A bird in the hand is worth two in the bush. This common wisdom eloquently states that that which is evident and real holds more intrinsic value than that which is hoped for or expected. That this weakens potentiality is undeniable, but it does not dismiss it entirely. It does make the unborn hold less intrinsic value than the born, but only by a small margin. That margin is sufficient to extend certain liberties and privileges to the mother, such as expressing a preference to her life over the unborn in the event of a medical emergency by aborting to preserve her life due to necessity, but it is not sufficient to evaporate all right to life of the unborn.

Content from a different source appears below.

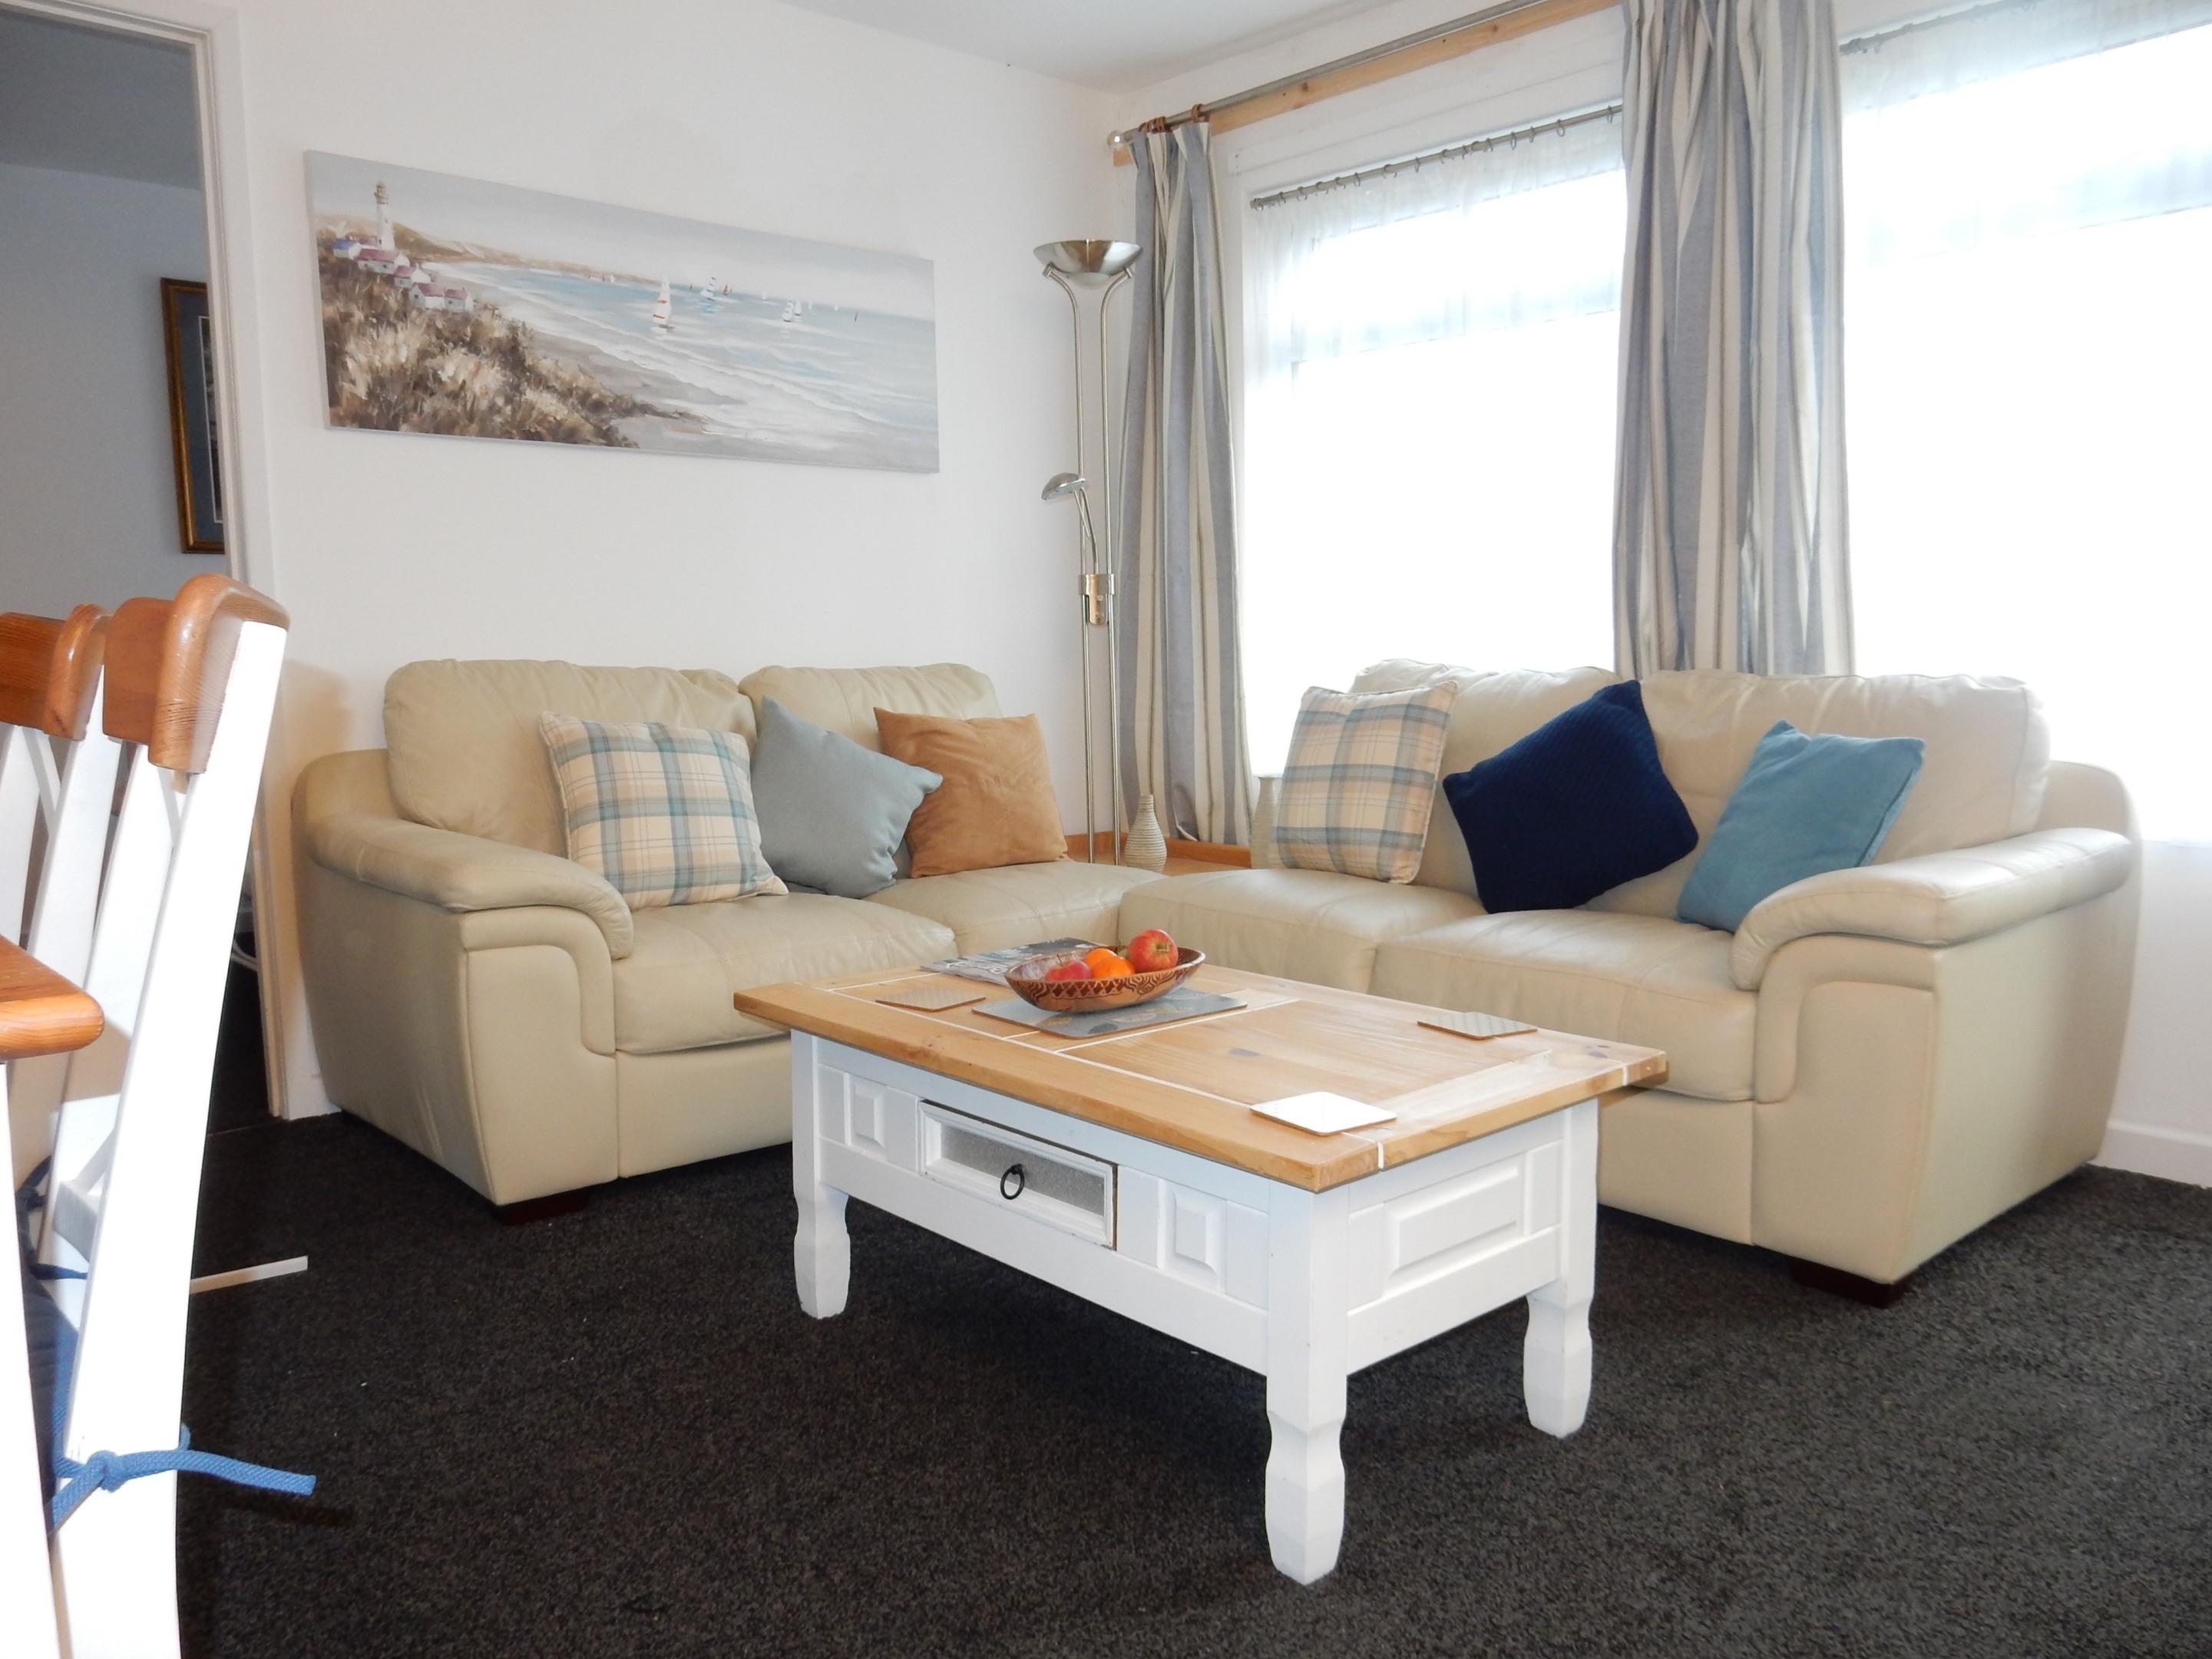 2 bedroom-Chalet-Classic-Ensuite-Park View - Basic  Rate

The weakness in potentiality means that even a late-term abortion of a healthy fetus by a healthy mother is not murder, but something just short of it.
Conclusion
What this means to the abortion debate is that the pro-life side cannot claim that abortion is murder, and cannot name those who procure or perform abortions as murderers. In situations where the mother is not threatened by the unborn, the choice to abort should be rightly held as abominable, but not as murder. Taking away the m-word could have a very positive effect on the pro-life movement, as it would remove the sense of desperation felt by some unfortunates who feel compelled by their flawed understanding of the situation to take violent action to stem what they see as a form of genocide against the most helpless members of their society, while leaving behind a valid justification for regarding abortion-as-contraception as being morally repugnant.
On the pro-choice side, a willingness to listen to the pro-life side might be cultivated by not hearing the term murderer bandied about as a descriptor of their actions. This could lead to a voluntary reduction in the use of abortion-as-contraception due to increasing acceptance of the fetus as something nearly human, instead of as a clinically distanced clump of cells. It seems this term was invented to defeat the flawed potentiality=reality argument, and in so doing, stripped all humanity from the unborn, tearing away any social stigmata attached to their unnecessary deaths.
Abortion-as-contraception could become extremely unpopular even to those who support the right to abortion for unfortunate necessities by restoring a measure of humanity to the unborn by eliminating the pro-choice sides need to dehumanize them into clumps of cells to defeat spurious murder allegations.
The pro-life sides polarization of this issue with rigid insistence that abortion is murder is a self-defeating tactic. It is my hope that improving their understanding of potentiality will allow them to moderate their views in good conscience and remove the need for the pro-choice side to dehumanize the unborn. Dehumanization opens the door to atrocity, and the fate of millions has been atrocious indeed.
Abortion is not murder. Its not a wonderful thing, or even a good thing, and I cant imagine that anyone thinks it is more than a necessary evil. Abortion-as-contraception is about as close to murder as one can get morally speaking, and it should be socially abhorred. But calling it murder is counter-productive in the worst possible way, as the dehumanizing defense strips away any protective instinct society might otherwise retain.